Looking further down the page, we probably shouldn’t even dignify the endless abusive misconstrual of Kevin Trenberth’s “The fact is that we can’t account for the lack of warming at the moment and it is a travesty that we can’t.” That one is left as an exercise for the reader. Go Google it.
And so on, recycling the tired and empty memes of the bunkosphere. Even Michelle Bachmann get’s an implicit shout-out in a short sentence suitable for her, ahem, argumentative style: “The fact is that CO2 is not a pollutant. CO2 is a colorless and odorless gas, exhaled at high concentrations by each of us, and a key component of the biosphere’s life cycle.”
The height of hubris, though, comes in the claim that we are Lysenkoists.
This is not the way science is supposed to work, but we have seen it before—for example, in the frightening period when Trofim Lysenko hijacked biology in the Soviet Union. Soviet biologists who revealed that they believed in genes, which Lysenko maintained were a bourgeois fiction, were fired from their jobs. Many were sent to the gulag and some were condemned to death.
OK. I find myself sorry I used up my lifetime supply of public F-words on Steve Mosher. Go climb a tree, jerks. You want Lysenkoism, how about this episode from the Bush Administration. #%$#%^$#!!!

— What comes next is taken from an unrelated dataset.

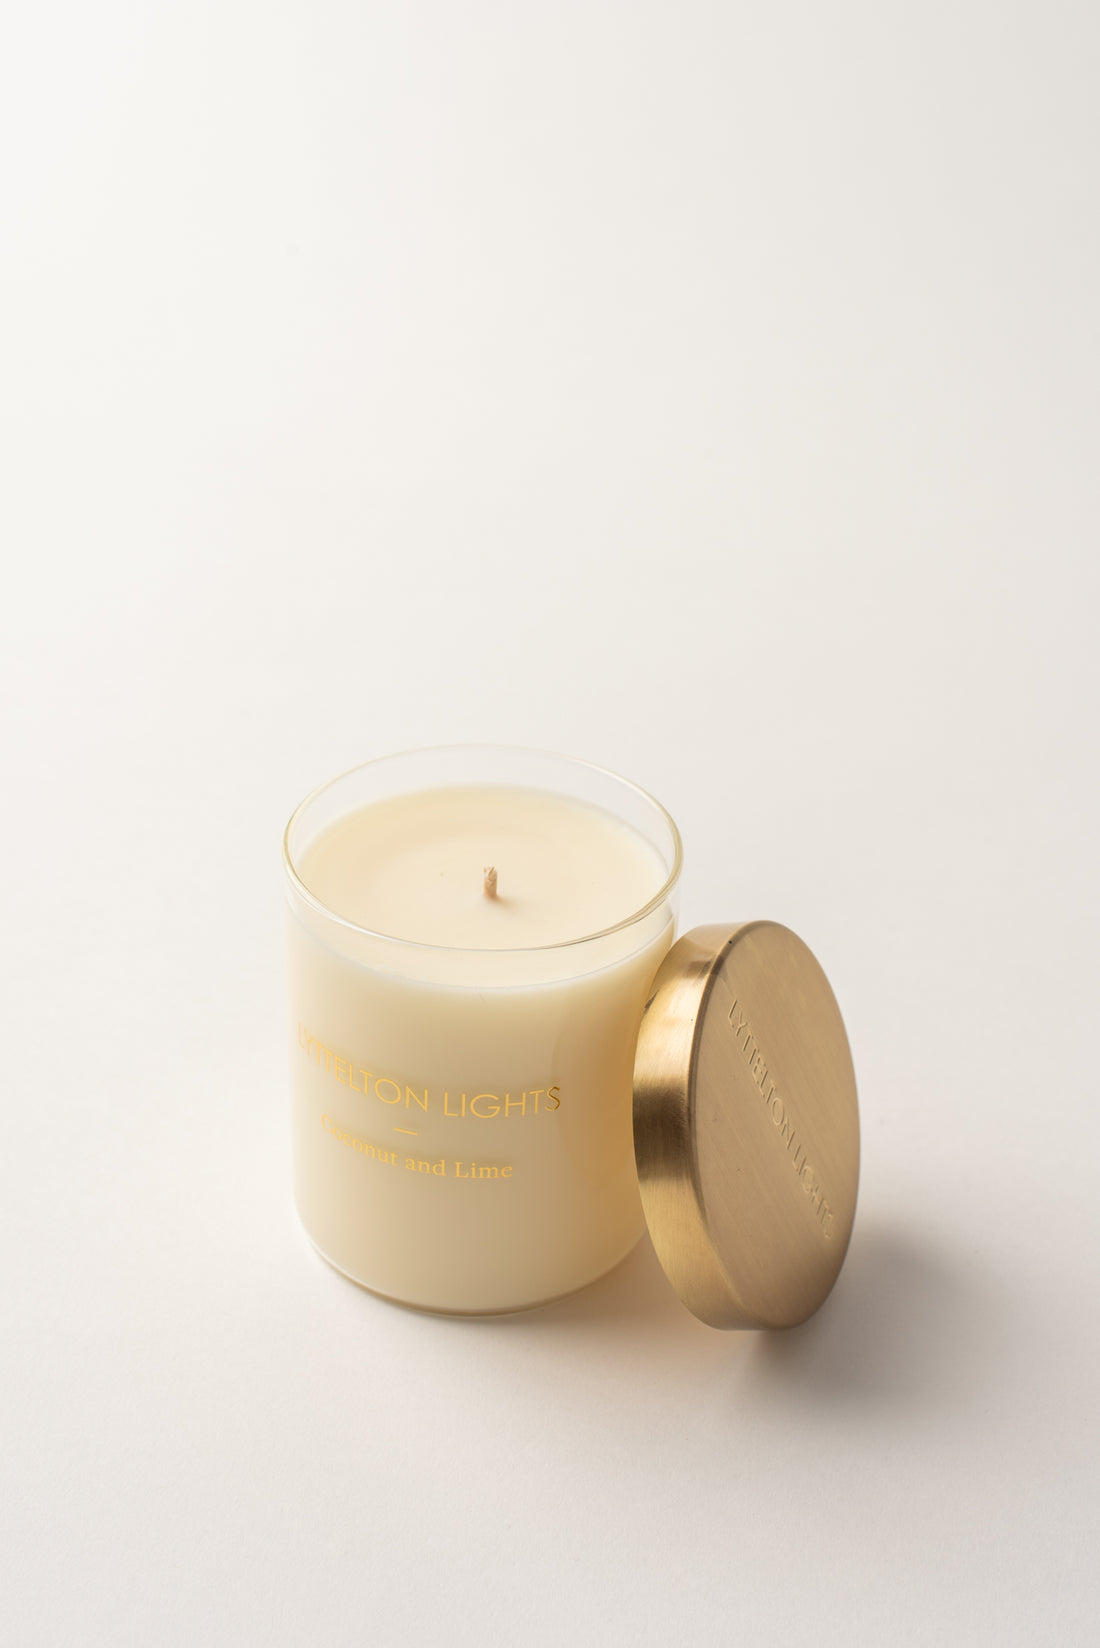 Fig and Apple Blossom Candle

Then there are the signatories. A few of the affiliations are impressive, but I think you will find that most of those are associated with emeriti. And some are just completely irrelevant to climate. An engineer, a business-school type (who has long since made a fool of himself on this issue), an astronaut.
Planet3.0 does not intend to give the more absurd denialists more space than they deserve, but when they manage a piece in the Wall Street Journal, it’s worth sitting up and taking note of how far we have fallen.
As is common regarding this and other matters, the WSJ op-ed page gives space to arguments that are egregiously irresponsible. What is most striking about this piece is not its irresponsibility. We have come to expect that.
What is striking is how much viciousness and palpable malice are expressed, and how they are complemented with utter intellectual incoherence. The deniers are reduced to what amounts to essentially senile paranoid blithering, and the leading paper of the financial sector gives them the imprimatur of a featured slot for it.
This obviously doesn’t carry much weight for those informed in the matter who may read it carefully, but newspapers are largely designed for people’s cursory attention. The casual reader will see an impressive list of signatories and some extreme accusations. Of course, some of the casual readers of the Wall Street Journal tend to be influential.
There’s a lot of talk of how much damage a few notorious oil billionaires have been doing, but if history needs a villain-in-chief for this sorry episode in history, it is just as likely to be Rupert Murdoch.